I recently audited 50 LinkedIn company pages for businesses ranging from startups to Fortune 500s. My scientific conclusion? Most of them are digital snoozefests that could cure insomnia.
You know the type: sterile corporate announcements, awkward group photos at charity events, and the inevitable “We’re excited to announce our partnership with [company nobody cares about]!”
The problem isn’t that these companies are actually boring—it’s that their LinkedIn presence feels like it was created by a committee determined to offend absolutely nobody. The result? Content that excites absolutely nobody.

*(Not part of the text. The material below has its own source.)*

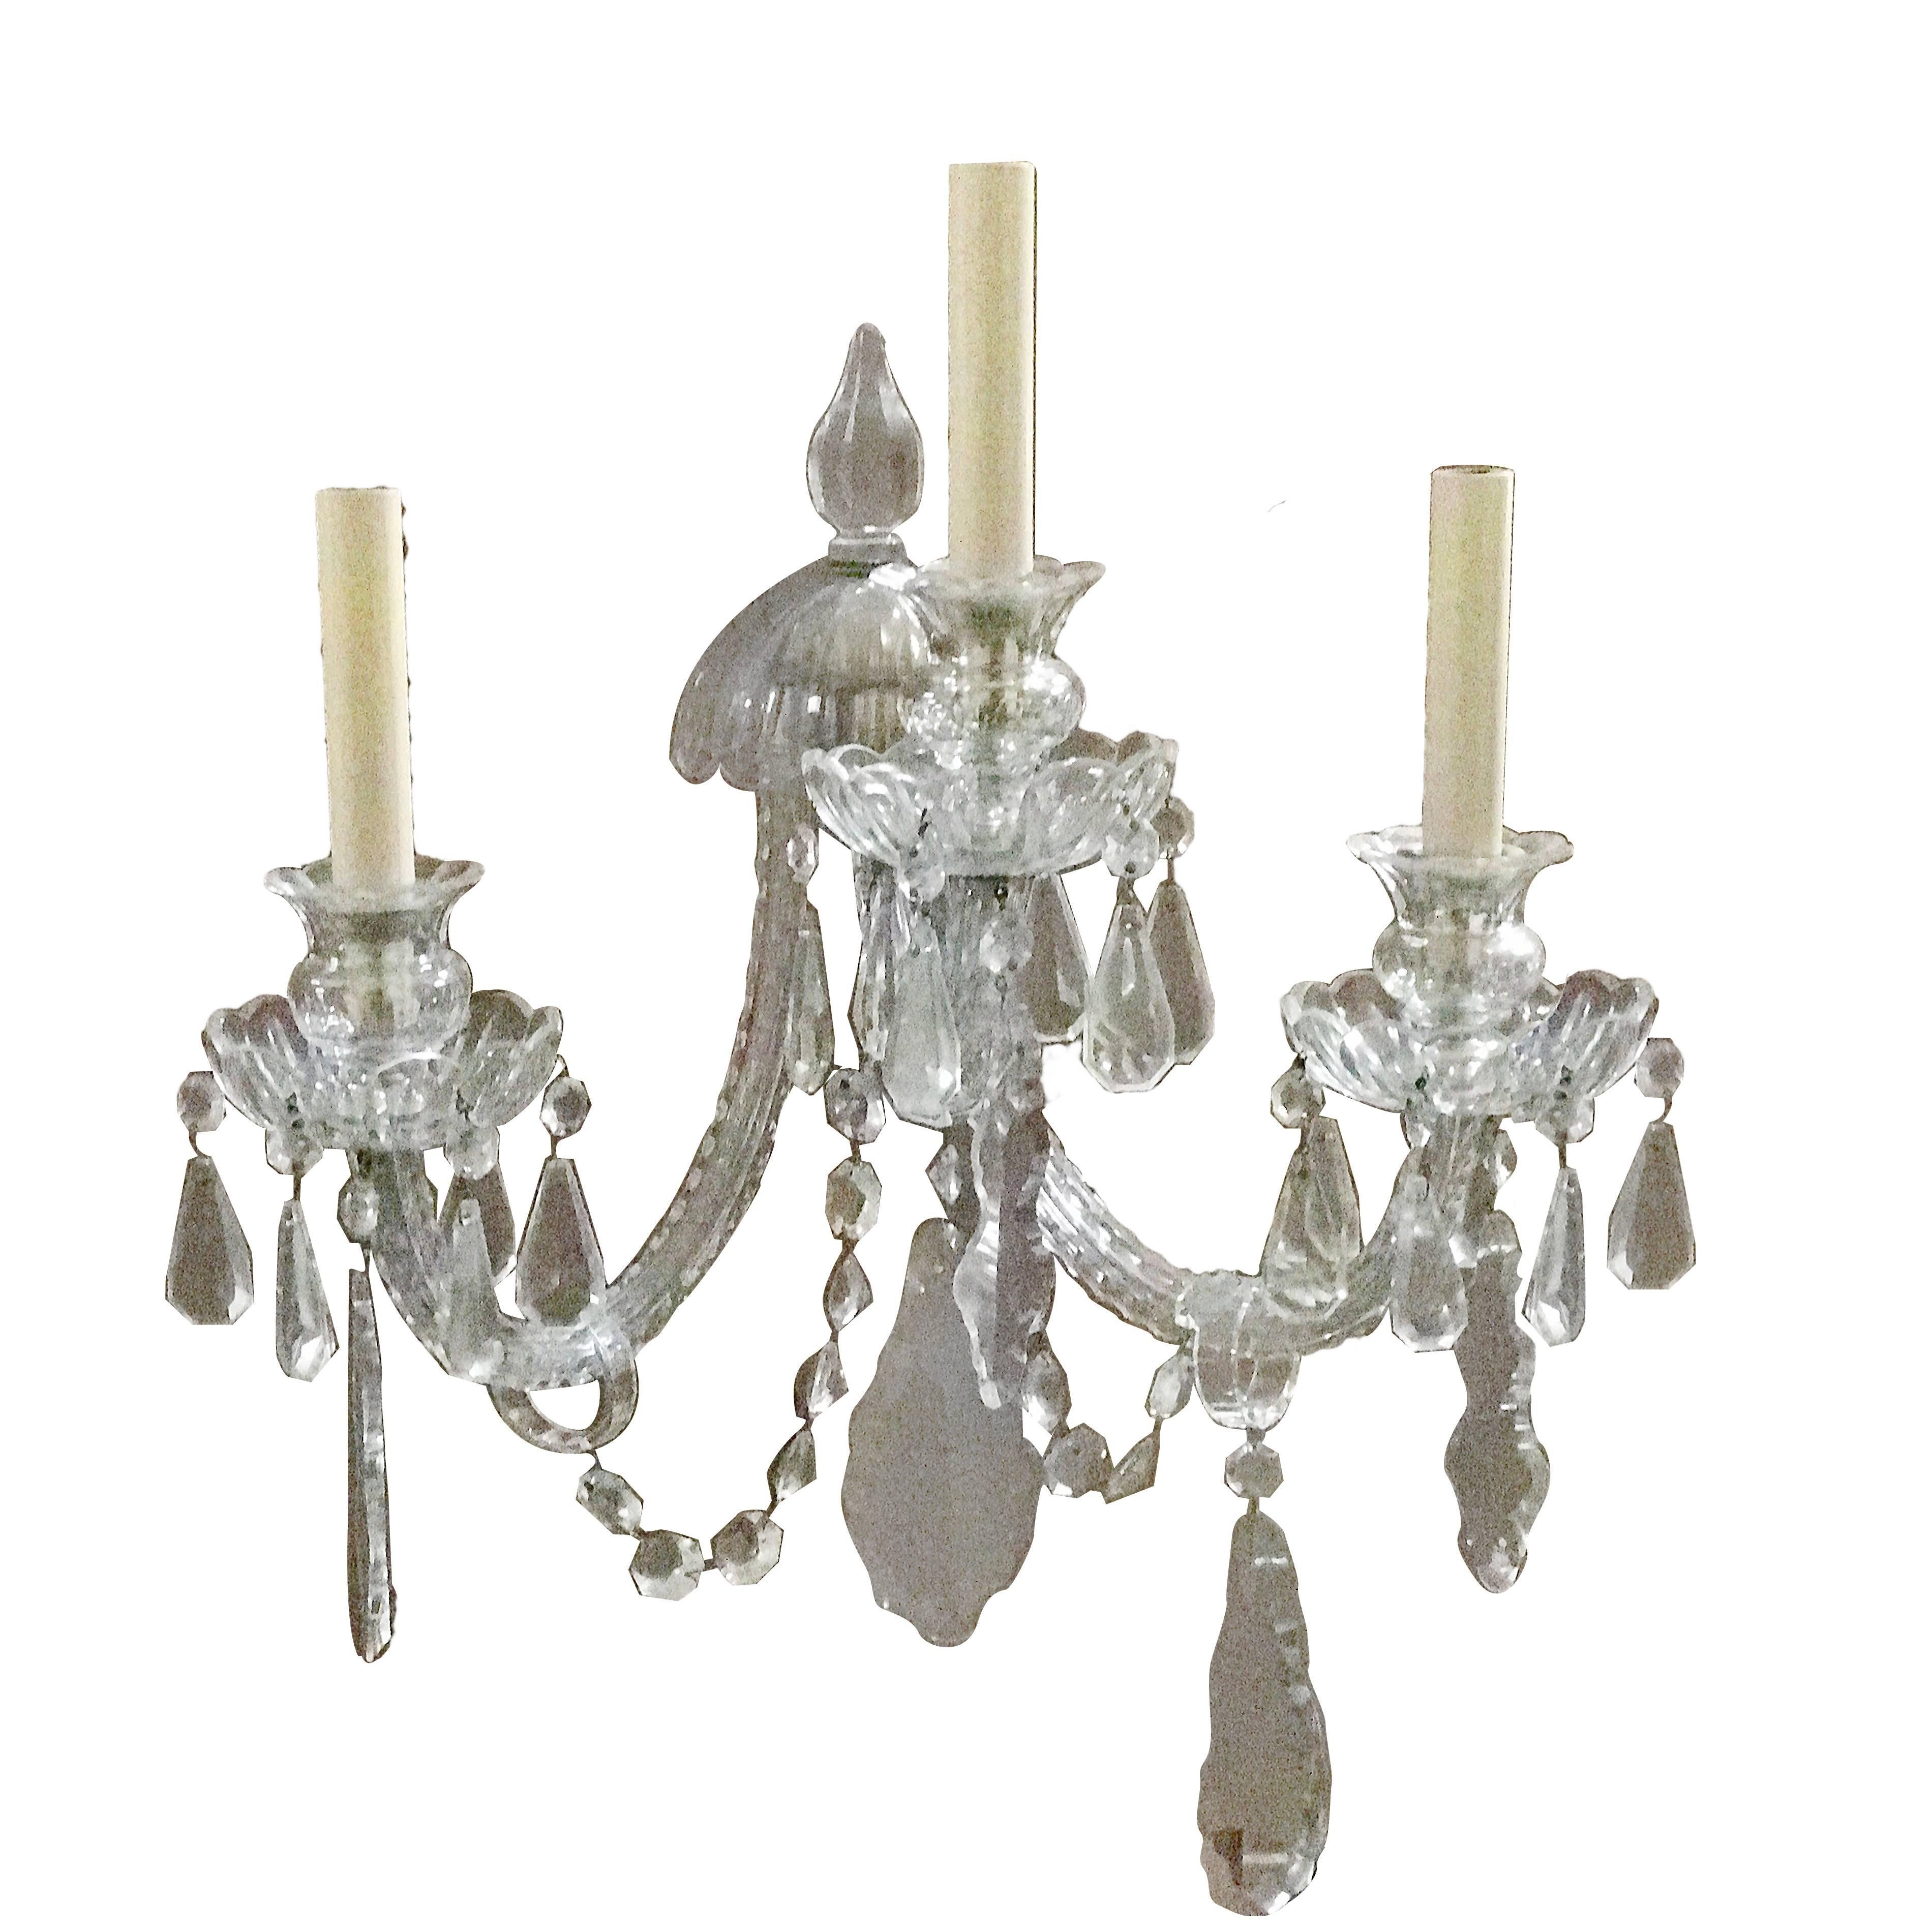 Pair of three-light cut crystal sconces with pendants.
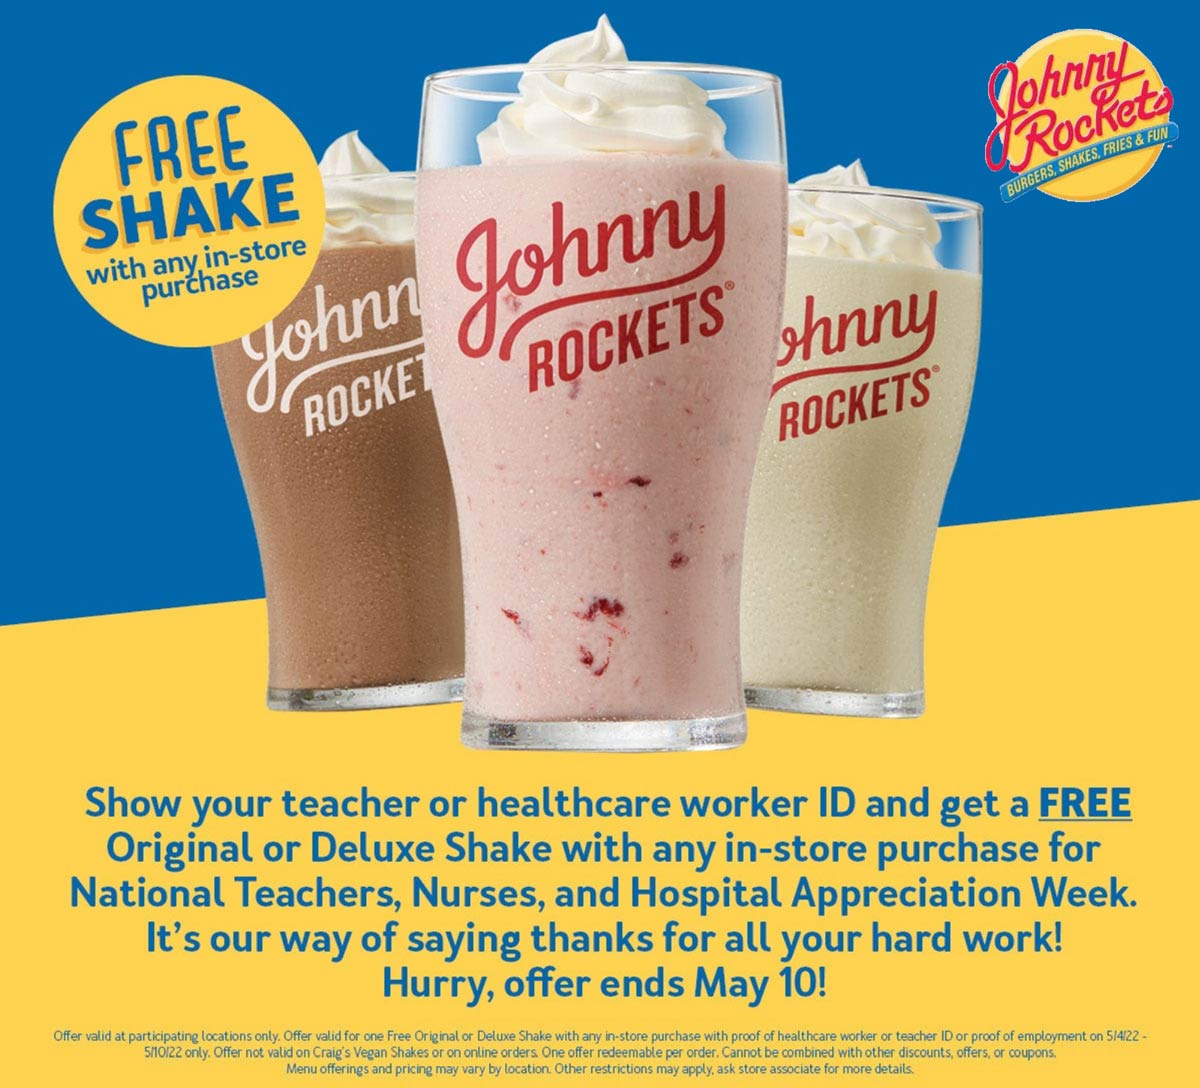 Johnny Rockets coupons & promo code for [December 2022]

Last quarter, I helped revamp the LinkedIn strategy for a mid-sized B2B software company whose page engagement had flatlined. Within 60 days, their average post engagement increased 347%, page followers grew by 22%, and—most importantly—their LinkedIn-sourced leads jumped from 6 to 37 per month.
Here’s what actually works for company pages in 2024:
Showcase individual humans, not your corporate entity People connect with people, not logos. The company page that featured their junior developer explaining a technical challenge got 8x more engagement than their sleek product announcement. Your employees are your best brand ambassadors—especially those with direct customer contact.
Document, don’t create Stop trying to manufacture perfect content. Instead, document what’s already happening in your business. One client simply started posting brief interview snippets with different team members about what they were working on that week. Authentic, easy to produce, and genuinely interesting.
Develop a distinct voice Your corporate communications team might have a heart attack, but the most successful company pages have a recognizable personality. Mailchimp, Slack, and Shopify all sound like actual humans wrote their content—because actual humans did, without drowning in approval processes.
Leverage employee engagement strategically When employees engage with company content, it reaches 561% more people on average. But begging employees to like every post is the wrong approach. Instead, create an “engagement pod” of 5-10 employees who authentically care about specific content types and ask them to engage only with posts relevant to their expertise.
Use LinkedIn’s forgotten features Only 12% of company pages I audited were using LinkedIn Polls, and just 8% were using the Product Pages feature. Both dramatically increase engagement. One client’s product poll generated 4x their typical engagement and uncovered valuable customer insights simultaneously.
Respond to every. single. comment. This should be obvious but rarely happens. When companies respond to comments, those posts see 17-33% higher engagement as conversations develop. Assign someone to check notifications daily—this isn’t optional.
Establish a consistent cadence The companies showing the strongest growth posted 3-4 times weekly on consistent days. The content followed a predictable pattern: industry insights on Mondays, behind-the-scenes on Wednesdays, and customer spotlights on Fridays. This predictability builds audience expectations and habits.
Remember: your company page isn’t competing against other companies in your industry—it’s competing against every other item in your audience’s feed. If you wouldn’t stop scrolling to read what you’re posting, why would anyone else?